Old 08-02-2013, 06:55 PM   #3
undernet
LQ Newbie
 
Registered: Jul 2013
Location: UK
Distribution: Fedora
Posts: 6

Original Poster
Rep: Reputation: Disabled
turns out there is no way to make sure a memory mapped file is unmapped in java.
see this 11 year old bug> http://bugs.sun.com/view_bug.do?bug_id=4724038

only workaround is to make all references to the memorymapped file null then call System.gc() in java and pray that the garbage collector runs.
 
Old 08-05-2013, 12:06 PM   #4
sundialsvcs
Guru
 
Registered: Feb 2004
Location: SE Tennessee, USA
Distribution: Gentoo, LFS
Posts: 5,425

Rep: Reputation: 1159Reputation: 1159Reputation: 1159Reputation: 1159Reputation: 1159Reputation: 1159Reputation: 1159Reputation: 1159Reputation: 1159
It certainly does not surprise me in the slightest that, if you have dirtied hundreds or thousands of pages in a (memory-mapped) disk file, the operating system is going to make sure that all of those physical disk-writes actually get done!

If what you want, instead, is a RAM disk, such that you really don't care if physical disk-writes ever occur, then you can have that, also. . . and you can mmap() it also.
 
Old 08-05-2013, 02:55 PM   #5
undernet
LQ Newbie
 
Registered: Jul 2013
Location: UK
Distribution: Fedora
Posts: 6

Original Poster
Rep: Reputation: Disabled
How can you create a RAM disk of the file if the file is bigger than RAM itself. Thats why I am memory mapping the file because it will not all fit in ram, if it did I would just perform writes to the RAM disk and then write the whole RAM disk out to SSD disk once every few minutes or so in case of power failure.
 
Old 08-06-2013, 11:16 AM   #6
sundialsvcs
Guru
 
Registered: Feb 2004
Location: SE Tennessee, USA
Distribution: Gentoo, LFS
Posts: 5,425

Rep: Reputation: 1159Reputation: 1159Reputation: 1159Reputation: 1159Reputation: 1159Reputation: 1159Reputation: 1159Reputation: 1159Reputation: 1159
Most commonly, you map a portion of the file in a "sliding window" approach.

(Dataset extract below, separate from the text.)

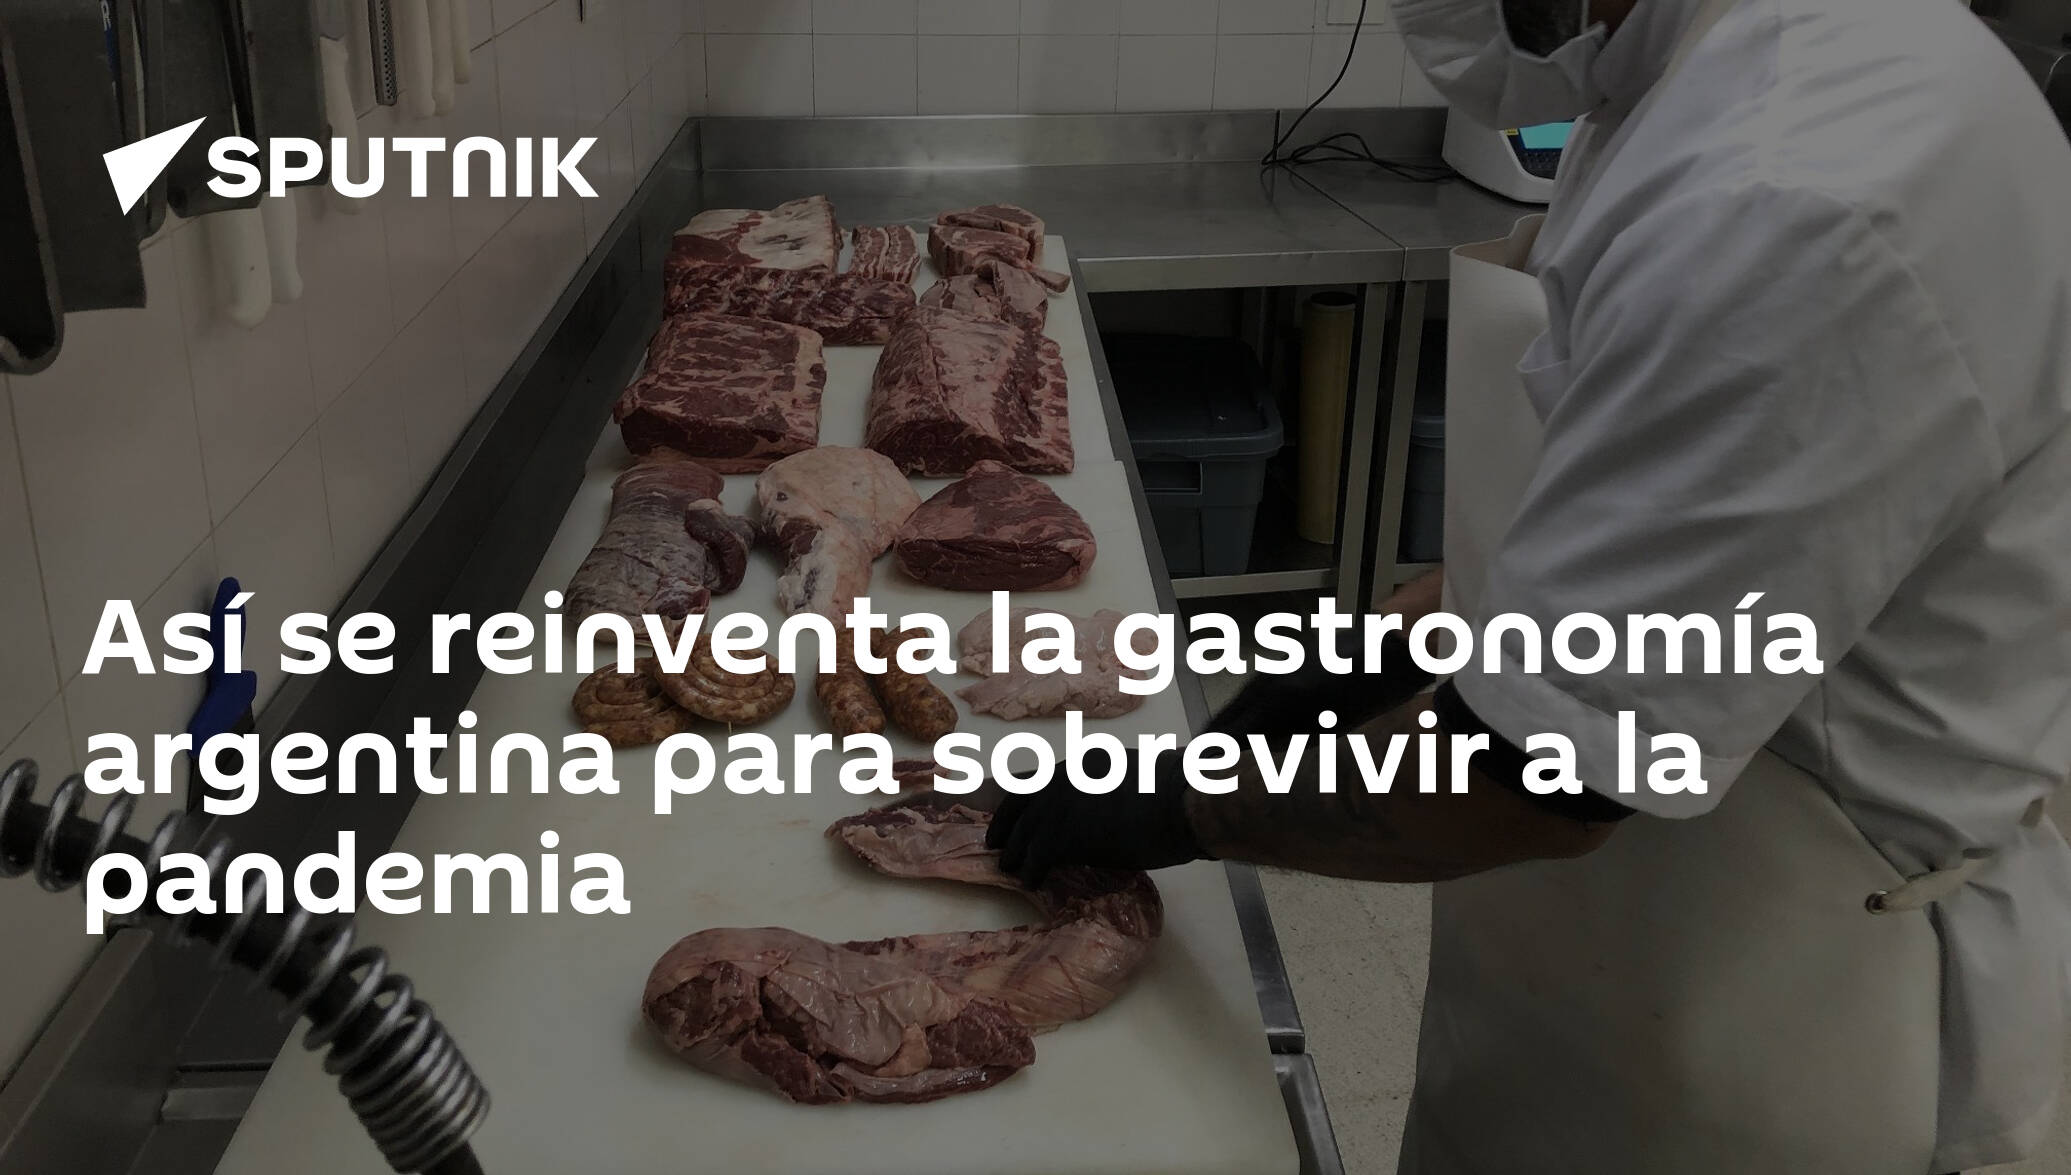 La parrilla argentina se reinventa en tiempos de coronavirus

However, it all comes down to your algorithm of choice. If you are truly accessing "that much data," and "truly accessing all of it," then in the end you are going to pay the price of all those disk-writes ... whether the disk-writes come from memory-mapped I/O or from paging caused by the virtual memory subsystem.

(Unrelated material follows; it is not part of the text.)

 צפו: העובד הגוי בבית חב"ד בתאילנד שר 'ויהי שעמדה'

You don't describe what you are actually doing .. what your algorithm is .. thus it is impossible to speculate how the algorithm might be improved upon. But I would hazard an almost-certain guess that it could be, using hash-tables or other such data structures which permit accessing a very large name space but which store only the portion that is used. If you're waiting "noticeable seconds or minutes" for a bunch of pending-writes, then you're beating-up the computer pretty good such that it's going to have bruises and a bad attitude.
 
1 members found this post helpful.
Old 08-06-2013, 08:49 PM   #7
undernet
LQ Newbie
 
Registered: Jul 2013
Location: UK
Distribution: Fedora
Posts: 6

Original Poster
Rep: Reputation: Disabled
Smile

Its funny that you mention hashtables because thats exactly what my program is, a disk based hash table, I am currently stress testing it. The file is split into 4KB buckets matching the page size of the OS and SSD. When a write is performed the key is hashed to the right bucket and the Key/value inserted. The 4kb bucket is then written to mapped memory for the OS to page out to disk when it feels like it. It seems the deletes were taking ages because the SSD I was using was not up to scratch. I was using a samsung ssd 840 (not pro version) and it just would lock up under heavy writes for ages, I was also using the xfs file system which has issues with deletes. I have since switched to an intel ssd 320 with ext4 and its much better, I can delete the file soon after the program exits.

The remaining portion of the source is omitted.